I would write forever with no financial incentive, but to actually support myself with it would be a dream come true. At first, many of my loving, timid caregivers questioned my decision to go after something so uncertain. They advised I secure a more predictable career path and treat writing as a hobby with distant potential. For someone else, this might have been sound advice, but to me, it felt like a gilded shackle. The fearless people who’d crafted the franchises that became a home to me couldn’t have treated their writing as a mere hobby. Their dedication was reckless, but it was also relentless.


I adopted the mantra, “I can’t fail if I never stop.”


Writing is the one thing I can’t ever see myself growing exhausted with or bored of. Every story is a new adventure, and every chapter is a new opportunity to uncover hidden parts of myself. In a way, it’s a steadfast and consistent practice of self-love. Fan fiction showed me how much I needed such a practice, and writing professionally reaffirms its importance every day.


Whenever the expectations of the world creep up behind me, or my people-pleasing tendencies of the past threaten to make an unwelcome appearance, I race to my writing desk to remind myself of who I am. Who I really am, as manifested in all the characters I aspire to be.

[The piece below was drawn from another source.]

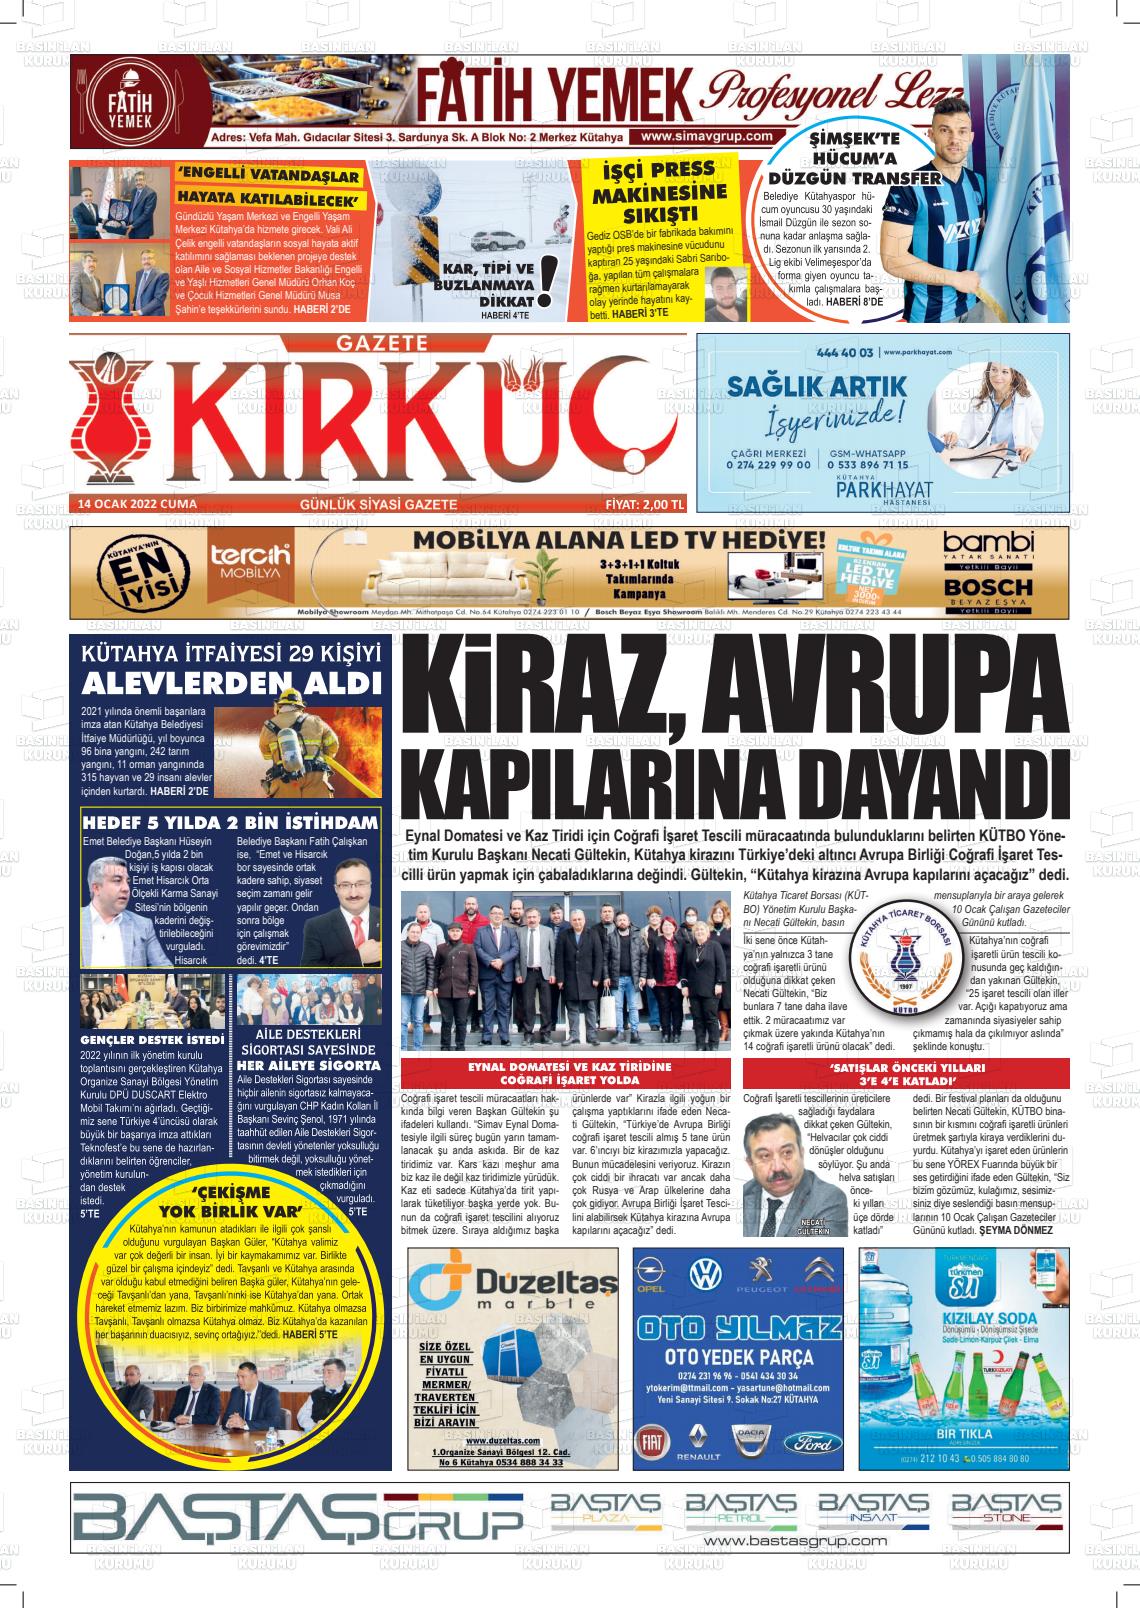 14 Ocak 2022 Gazete Kırküç Gazete Manşeti

I think a lot of artists do this, and I think the writers we admire are more like their main characters than they let on.


So, whether you write fan fiction about being sold to Harry Styles, your wispy blonde locks propped up in a messy ponytail, or superhero stories where you fight alongside Captain America and Tony Stark, know that it is so much more than silly musings. People who don’t understand might be bewildered by the strange, fantastical scenarios us daydreamers yearn for in the sweet safety of our mind sanctuaries, and I say we let them.


The only person who has to understand, appreciate, and cherish these adventures is you. But who knows… Someday, the fan fiction you write might evolve into the fiction others find a home in.